Once everyone’s onboard, it’s only a matter of time before the mutant cat starts claiming victims. Clu is the first to get it as he drunkenly steers the boat, but it’s only because he spits booze in the cat’s face that he gets it at all. Without Clu’s steady hand on the wheel, the boat is now hopelessly adrift and tempers begin to flare. George Kennedy gets fed up with all the sexy teens being sexy while he’s just trying to commit some federal crimes, dammit, but he has bigger things to worry about after the cat chews through his hamstring and he starts convulsing due to the deadly toxin the mutant cat is carrying. Everyone panics except for Martin, who bonds with the yacht’s only crew member, Rachel, who has a backstory about Walter and her father that doesn’t really matter at all.
The stand-out moment of “Uninvited” comes late in the film, just after Lance is shot in the arm by George Kennedy and retires to his stateroom to recuperate.
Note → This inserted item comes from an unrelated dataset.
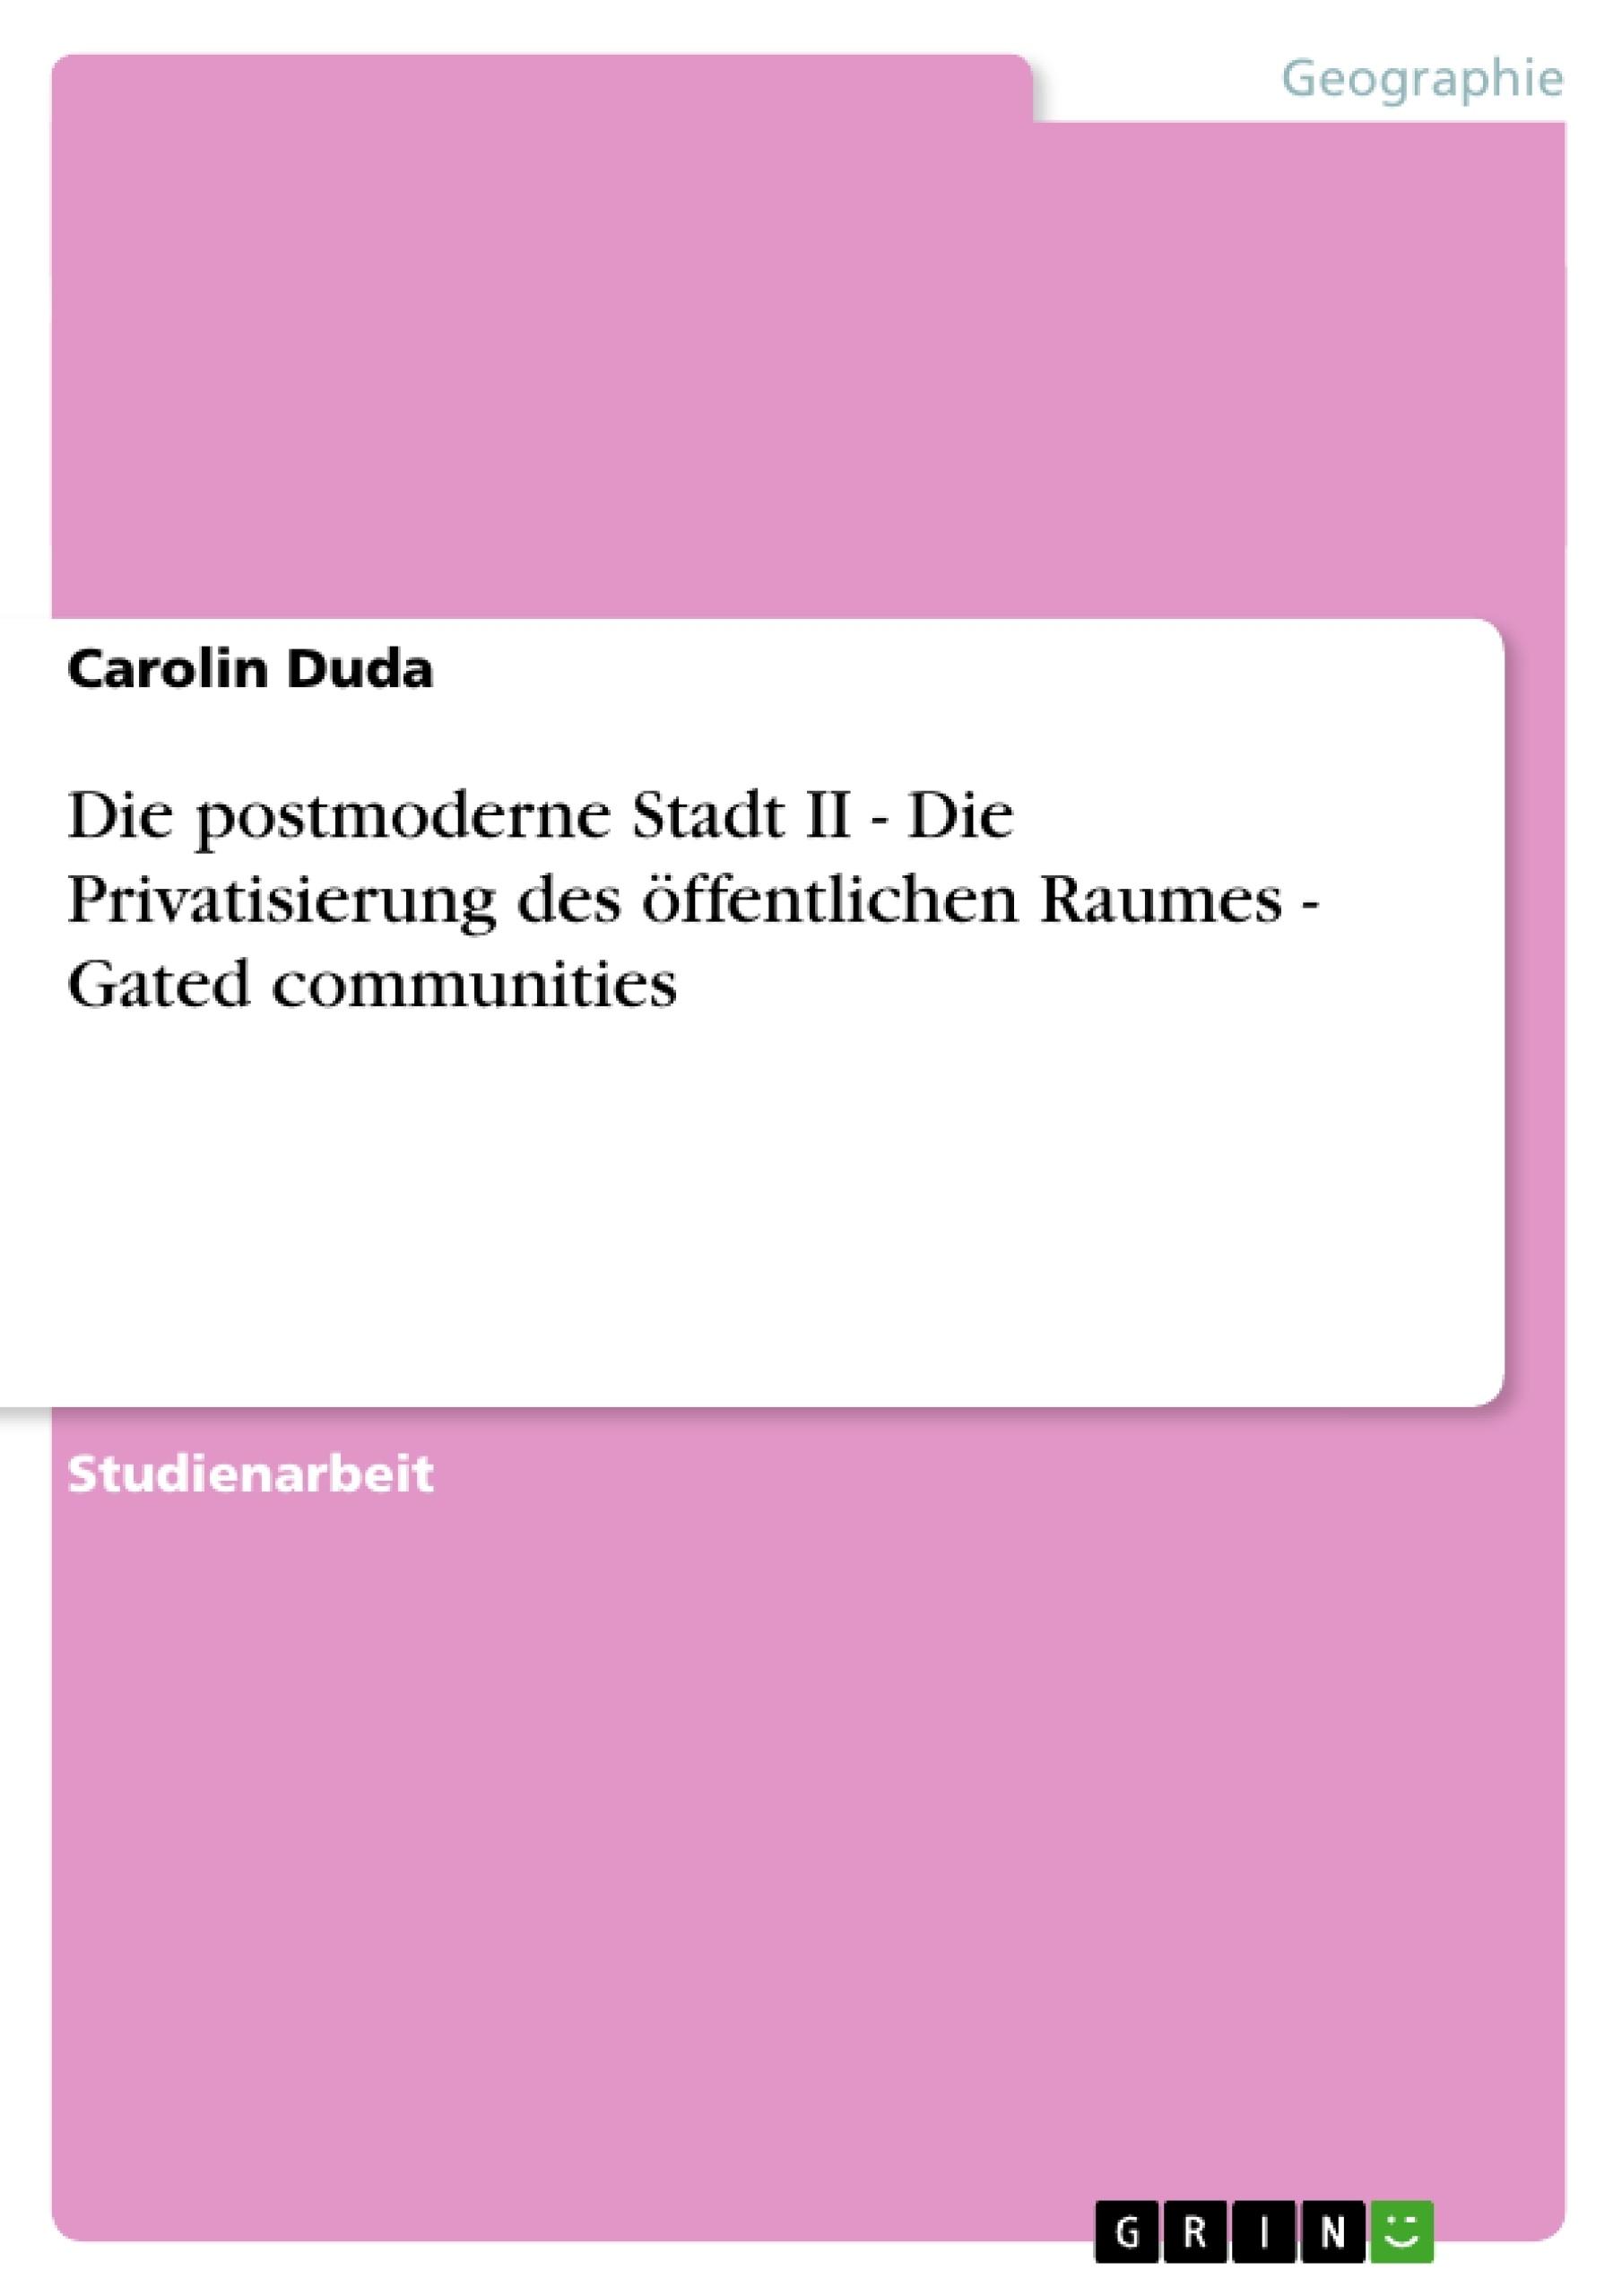 Titel: Die postmoderne Stadt II - Die Privatisierung des öffentlichen Raumes  -  Gated communities

He’s visited by one of the girls, who offers him some sexual healing. Lance’s right arm has gone completely numb, which seems like something to be concerned about but simply amuses them. They start going at it, but when she looks down to check on his injury, she sees the mutant cat just gnawing on Lance’s hand under the sheets. A couple of Lance’s fingers fall off, and he freaks out about being infected. In his panicked state, Lance leaps off the boat and pulls his would-be lover overboard with him.
By the time Martin and Rachel end up on a lifeboat bobbing on the stormy seas with the killer cat puppet paddling after them, “Uninvited” has finally crossed the line to full camp, but it’s a case of too little, too late. Seeing the cat puppet leap out of the water to claw at Martin’s face not once but twice provides genuine laughs in a movie that could have been full of them. Only Gulager, with his fake horse teeth and drunken horseplay, gives a performance worthy of his surroundings. With a few tweaks and more scenes like Lance’s untimely demise, “Uninvited” could have been a campy cult favorite in the vein of “Return of the Living Dead” or “Re-Animator.” As it exists, however, you’ll need a serious sock-puppet phobia to derive any emotions out of this movie.